= Supplied entries =
==*==
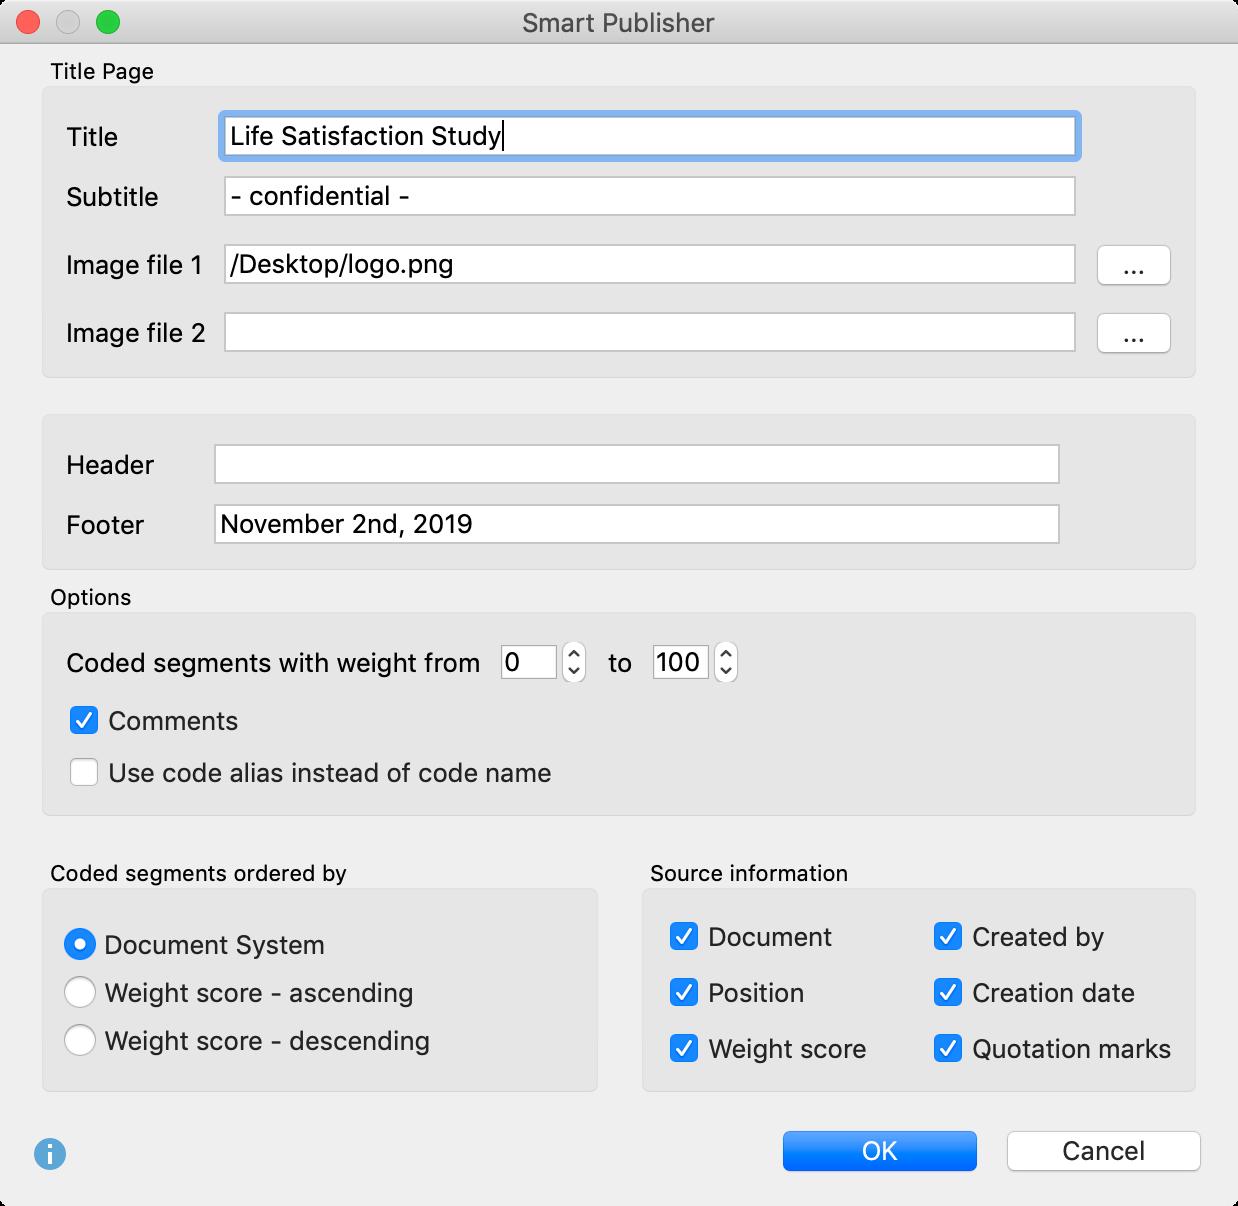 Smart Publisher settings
==*==
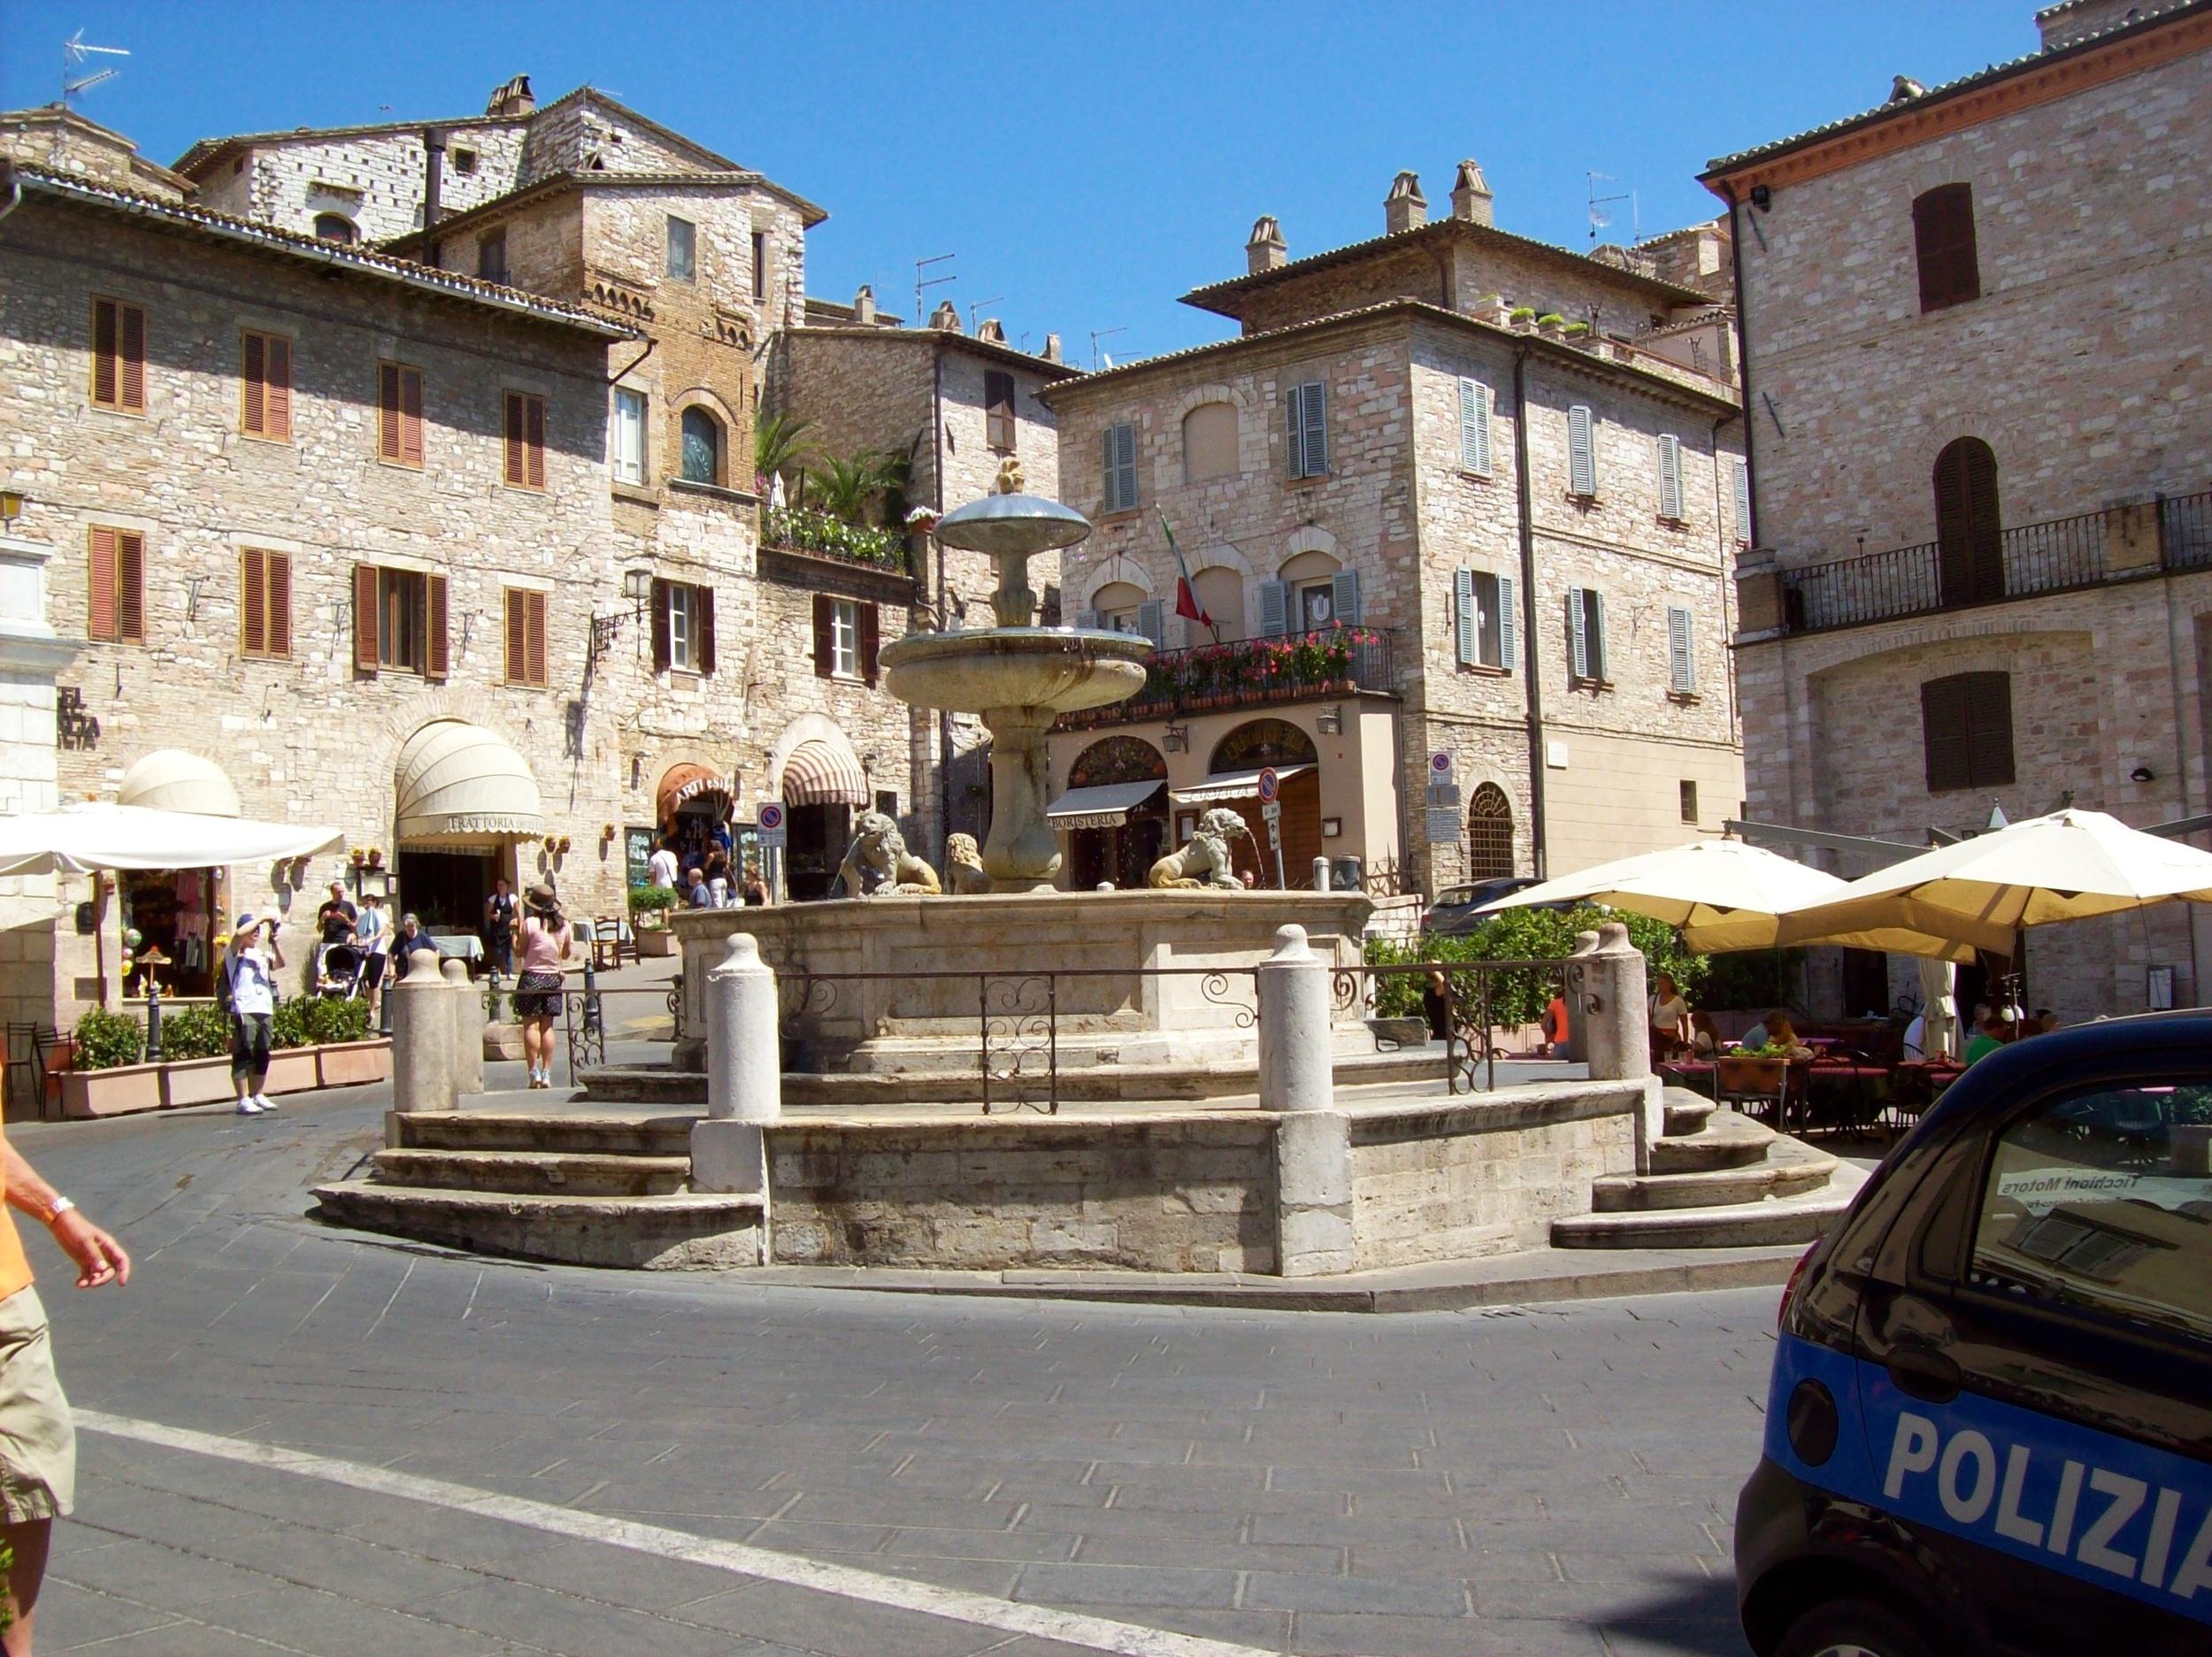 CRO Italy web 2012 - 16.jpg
==*==
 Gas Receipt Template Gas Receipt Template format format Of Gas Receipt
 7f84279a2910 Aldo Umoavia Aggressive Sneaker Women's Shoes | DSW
==*==
= Instructions to follow =
Everything from the line with "Gas Receipt Template Gas" through the line with "7f84279a2910 Aldo Umoavia" in the listing above must be retyped exactly, with nothing added.

= Reply =
 Gas Receipt Template Gas Receipt Template format format Of Gas Receipt
 7f84279a2910 Aldo Umoavia Aggressive Sneaker Women's Shoes | DSW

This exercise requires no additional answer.